Instructions to follow: Output the listing word for word, minus images.

Recorded information:
════════
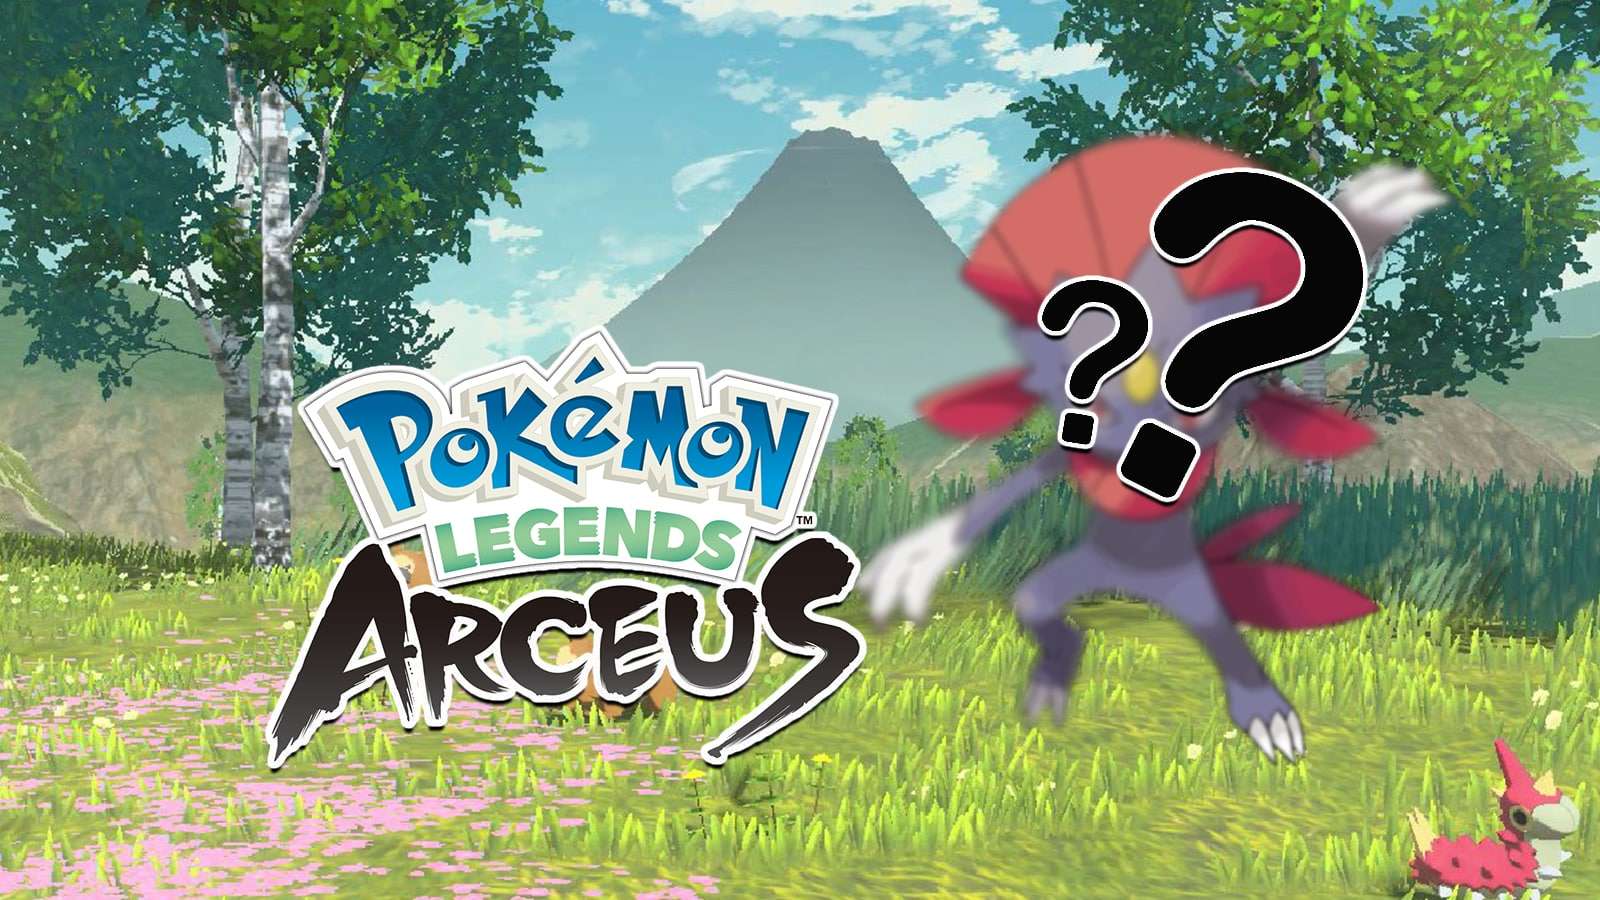 Pokemon Legends Arceus logo next to question marks
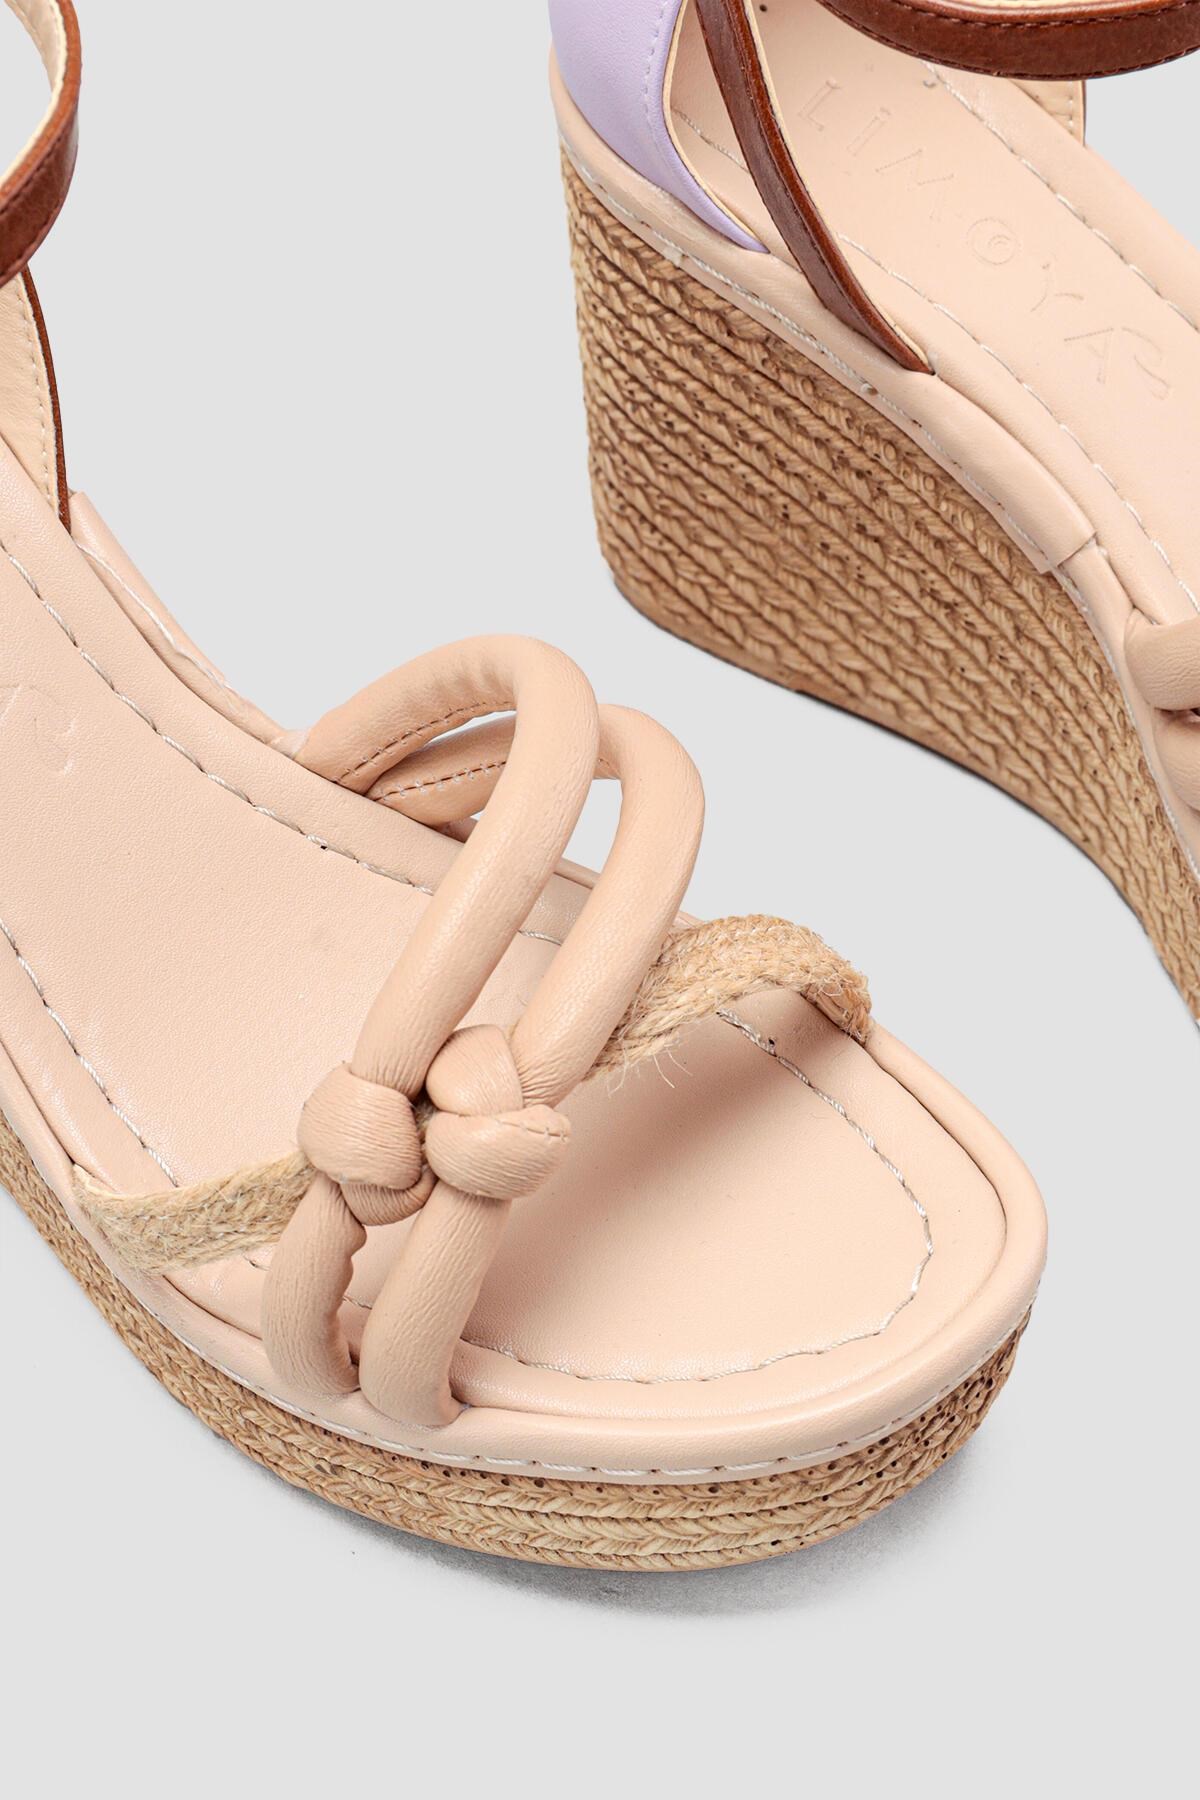 Olena Nud Hasir Detayli Yüksek Dolgu Topuklu Sandalet | Limoya.com ile  Modayı Keşfet!
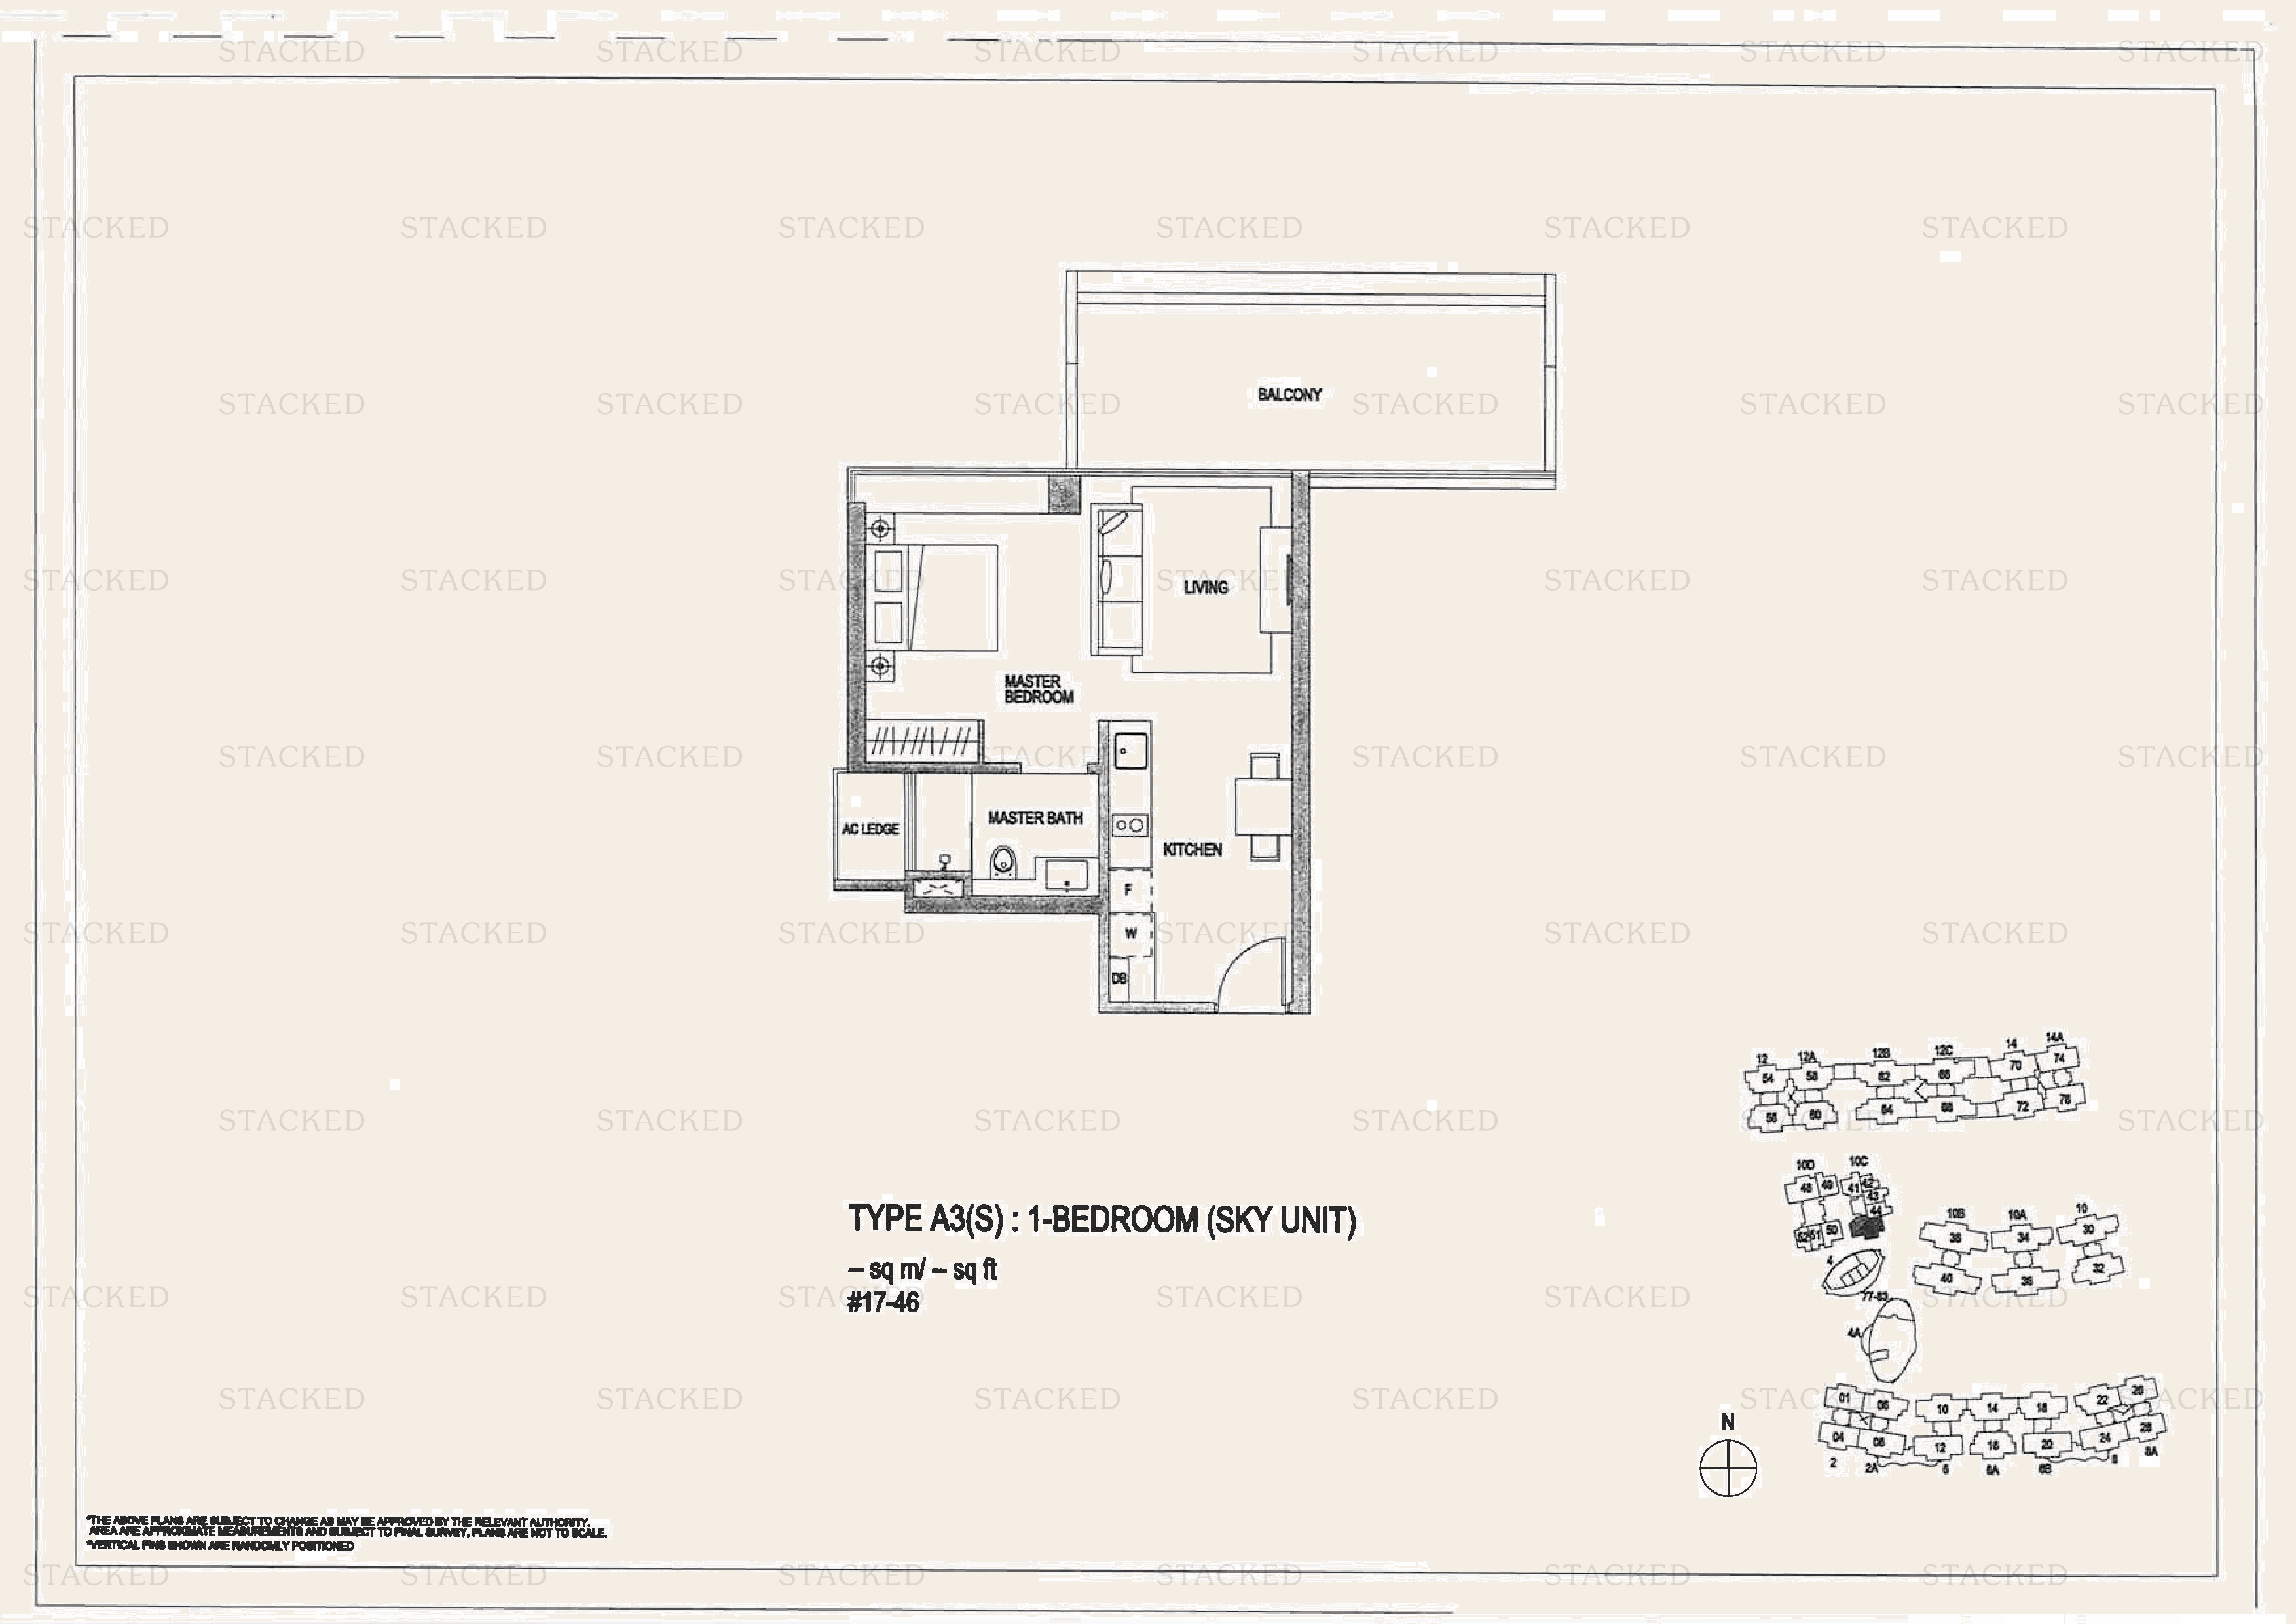 The Minton floor plan
════════
Reply:
 Pokemon Legends Arceus logo next to question marks
 Olena Nud Hasir Detayli Yüksek Dolgu Topuklu Sandalet | Limoya.com ile  Modayı Keşfet!
 The Minton floor plan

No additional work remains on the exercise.